Ce qui signifie que Samuel Montembeault se retrouvera vraisemblablement dans un ménage à trois pour la deuxième fois de la saison. Un trio dans lequel il risque, pour l’instant du moins, d’occuper le rôle de troisième roue du carrosse.
Allez savoir combien de départs il obtiendra lors des 18 derniers matchs de la saison. Cela dit, même s’il devait être confiné au rôle de spectateur jusqu’à la fin du calendrier, il appert que ça ne changera rien à sa fierté de faire partie de cette équipe.
Pierre-Paul Poulin / Le Journal de Montréal
Dans son entourage, on raconte qu’il a la couenne dure et le logo de l’équipe tatoué sur le cœur.
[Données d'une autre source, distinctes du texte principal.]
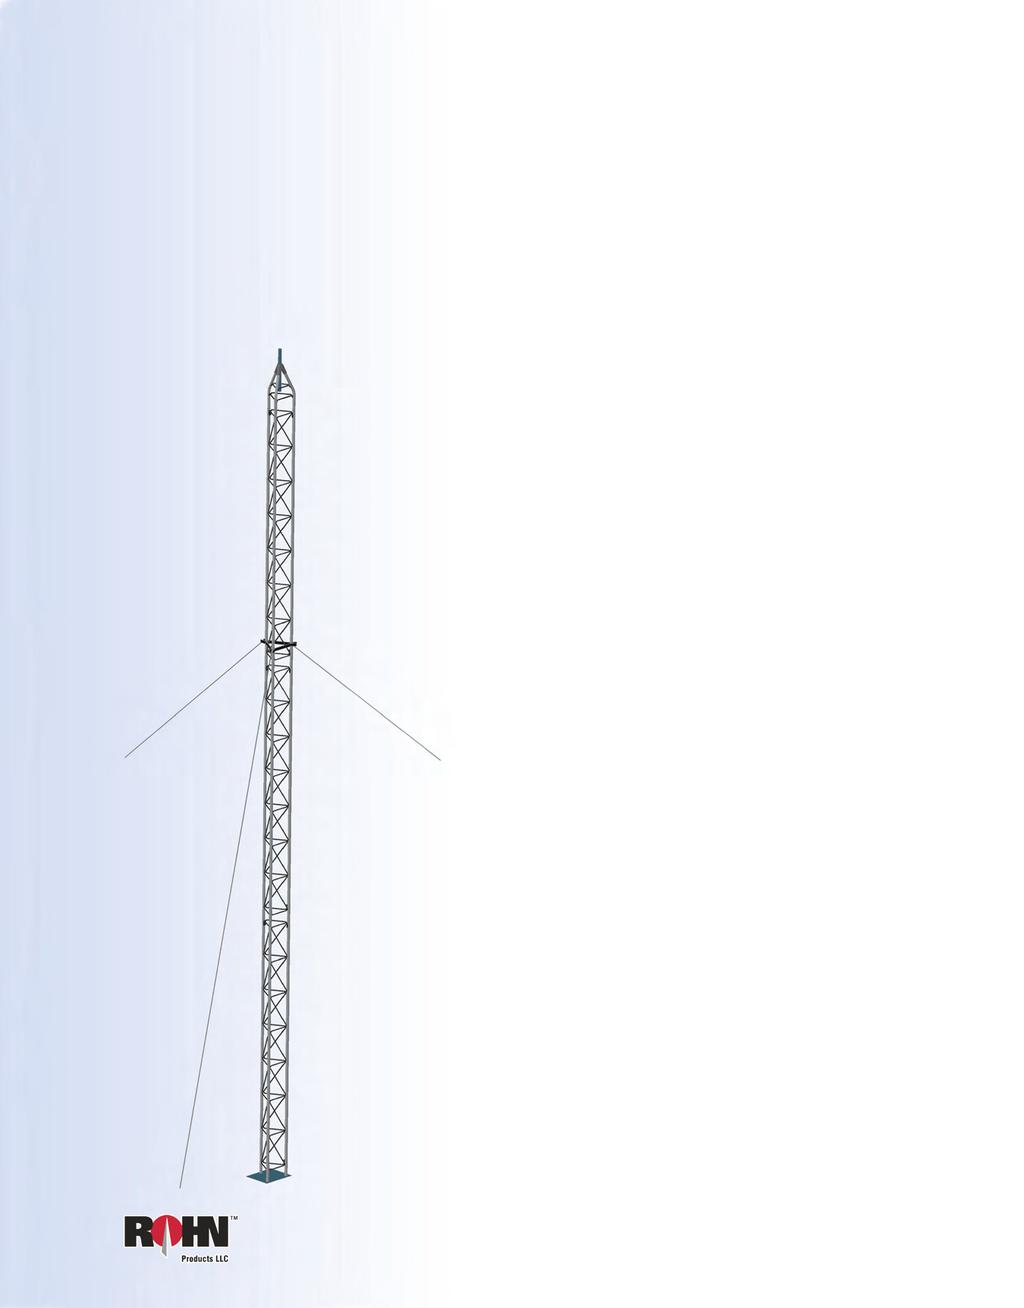 G GUYED TOWERS 25G STANDARD 25G GUYED TOWER ROHN 25G The first. The original. includes REV. F & REV.

Évidemment, le rappel de Fowler n’est pas le genre de nouvelle qu’il voulait entendre, ce qui ne l’empêcherait pas de souhaiter demeurer un membre du Tricolore le plus longtemps possible.
À moins, bien sûr, qu’avec Jakub Dobes et Fowler, qui sont au début de la vingtaine, Jeff Gorton et Kent Hughes lui fassent clairement comprendre qu’il n’est plus dans les plans de l’organisation.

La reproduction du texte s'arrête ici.